The use by purchasers of comprehensive due diligence request lists and carefully crafted representations and warranties is a staple of M&A transactions. Yet in deals where the seller will retain an interest in the success of the business going forward, such as where the seller receives equity in the purchaser or a right to a potential earnout as part of its consideration, the seller should likewise avail itself of these safeguards. The best protection is a representation regarding any critical issue; however, as a recent case before the Delaware Chancery Court shows, in the absence of such a representation, a party’s failure to document that it at least asked appropriate questions during due diligence may be fatal to its ability to later maintain actions for fraud.
In Airborne Health, Inc. v. Squid Soap, LP, the Delaware Chancery Court rejected the seller’s claims that the purchaser committed extra-contractual common law fraud, causing the seller to lose potential earn-out payments. The seller claimed that the purchaser, throughout the parties’ courtship, touted its strong brand name and ability to grow the seller’s business and failed to disclose pending legal proceedings threatening the purchaser’s continued success.
Counting on the success of its products in Airborne’s, Squid Soap sold its business to Airborne for $1 million in cash at closing, plus the potential for earn-out payments of up to $26.5 million if the business achieved certain post-closing targets. Squid Soap contended that its faith in Airborne was based, at least in part, on Airborne’s repeated boasts about its ability to leverage its strong brand name and market presence to sell Squid Soap’s products. However, at the same time it was making these statements, Airborne was the subject of a class action in California alleging various claims for false advertising, consumer fraud and unfair business practices, as well as an investigation by the Federal Trade Commission. Nine months after closing its acquisition of Squid Soap’s business, Airborne settled the California class action for $23.5 million. Following the settlement, the FTC and thirty-two state attorneys general filed actions with similar claims, resulting in further bad publicity and liabilities for Airborne.
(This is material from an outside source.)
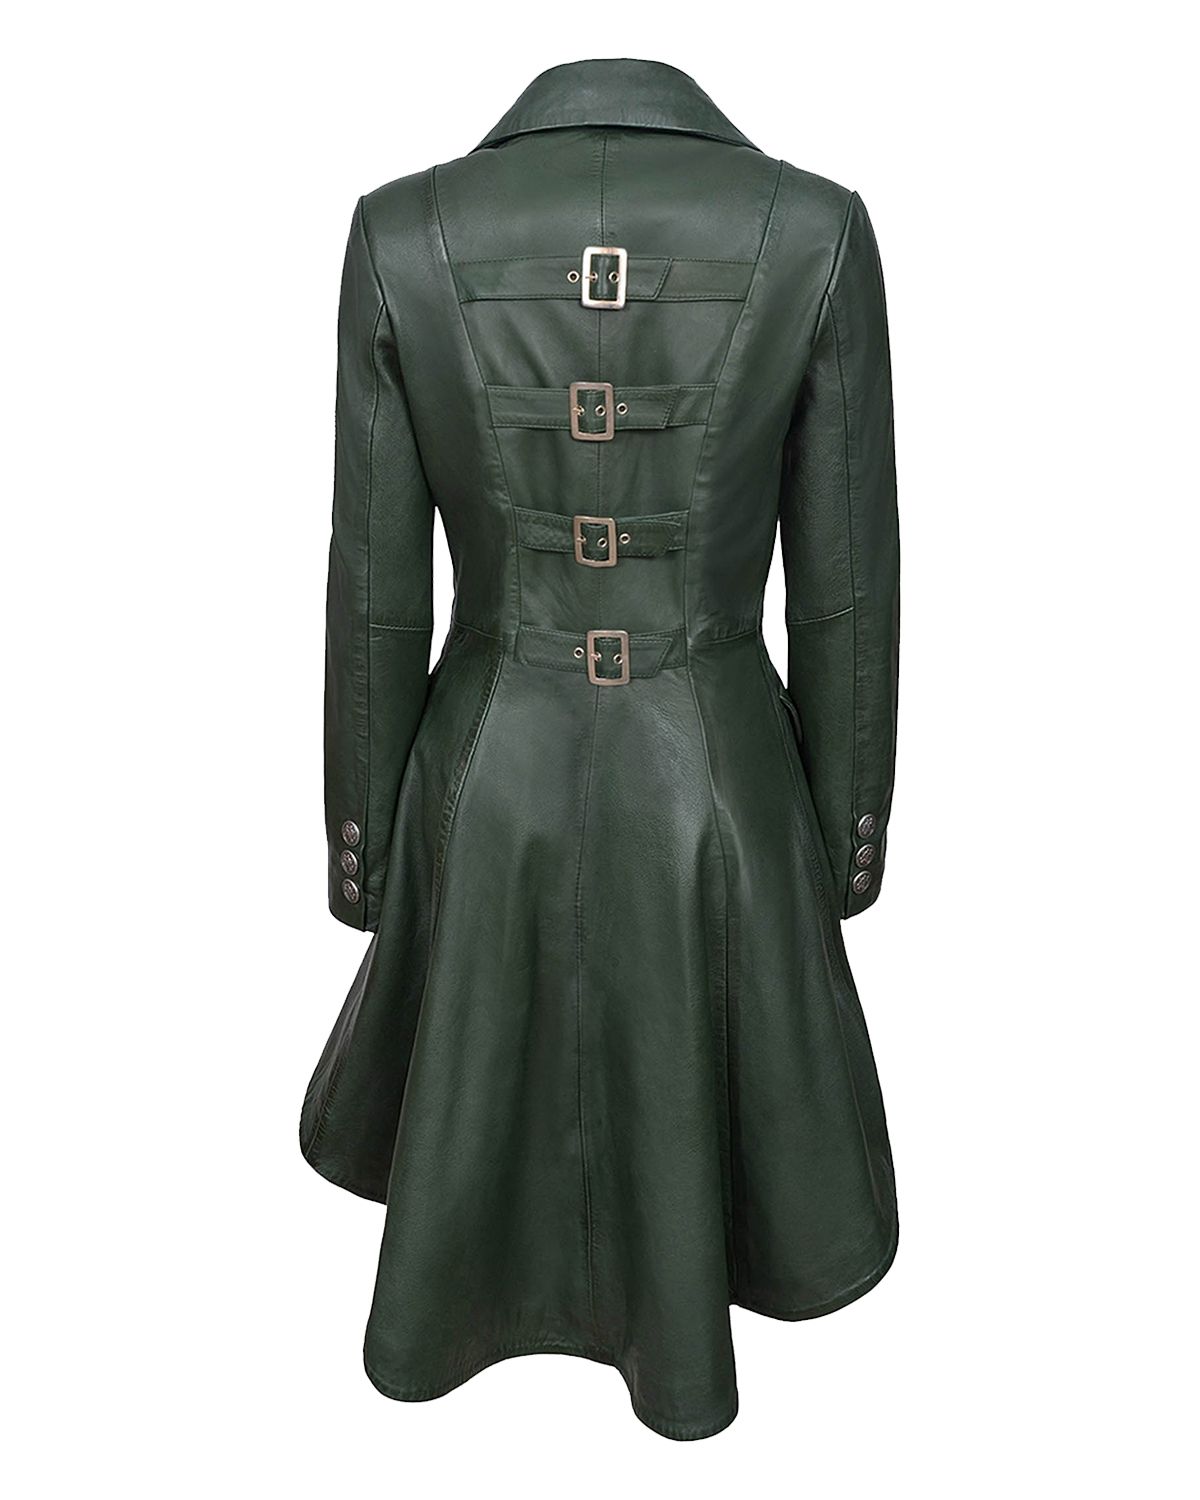 Elite Women's Back Buckle Real Leather Long Gothic Coat

The resulting fall-out for Airborne’s business hampered its ability to sell Squid Soap products, which diminished Squid Soap’s potential for an earn-out payment under the purchase agreement. Squid Soap alleged that Airborne’s boasts about its customer loyalty and marketing prowess, and its failure to disclose the presence of the pending litigation and investigation, constituted common-law fraud. The court rejected these claims, reasoning that under Delaware law, vague statements of corporate abilities or optimism, like those made by Airborne, are mere “puffery” and do not amount to fraud.
In addition, the court found that Airborne’s failure to disclose the pending litigation and investigations was not fraudulent because Airborne did not actively conceal those matters nor, in an arm’s length relationship, did Airborne have a duty to disclose the matters to Squid Soap. As the court pointed out, Squid Soap could have protected itself by conducting its own due diligence review of Airborne since, at the time of the transaction, the California class action had been filed and information regarding the action was publicly available. The court also noted that Squid Soap could have obtained a representation and warranty in the purchase agreement that would have required Airborne to make the desired disclosure. Instead, the only relevant representation in the purchase agreement required Airborne to say only that there was no litigation “reasonably likely to prohibit or restrain the ability of Purchaser to enter into this Agreement or consummate the transactions contemplated hereby.” Most fundamentally, Vice Chancellor Laster commented that “Squid Soap could have learned about all of Airborne’s litigation exposure through the simple expedient of asking Airborne.”
Ultimately, the court’s ruling in Airborne underscores the importance of sell-side due diligence in transactions where the seller will have a continued interest in the profitability of the business going forward, as in the case of an earn-out. A potential transaction partner may boast about its business without committing fraud and, in an arm’s length transaction, has no duty to disclose matters unless asked. As a result, sellers, as well as purchasers, should protect themselves through due diligence and appropriately tailored representations and warranties.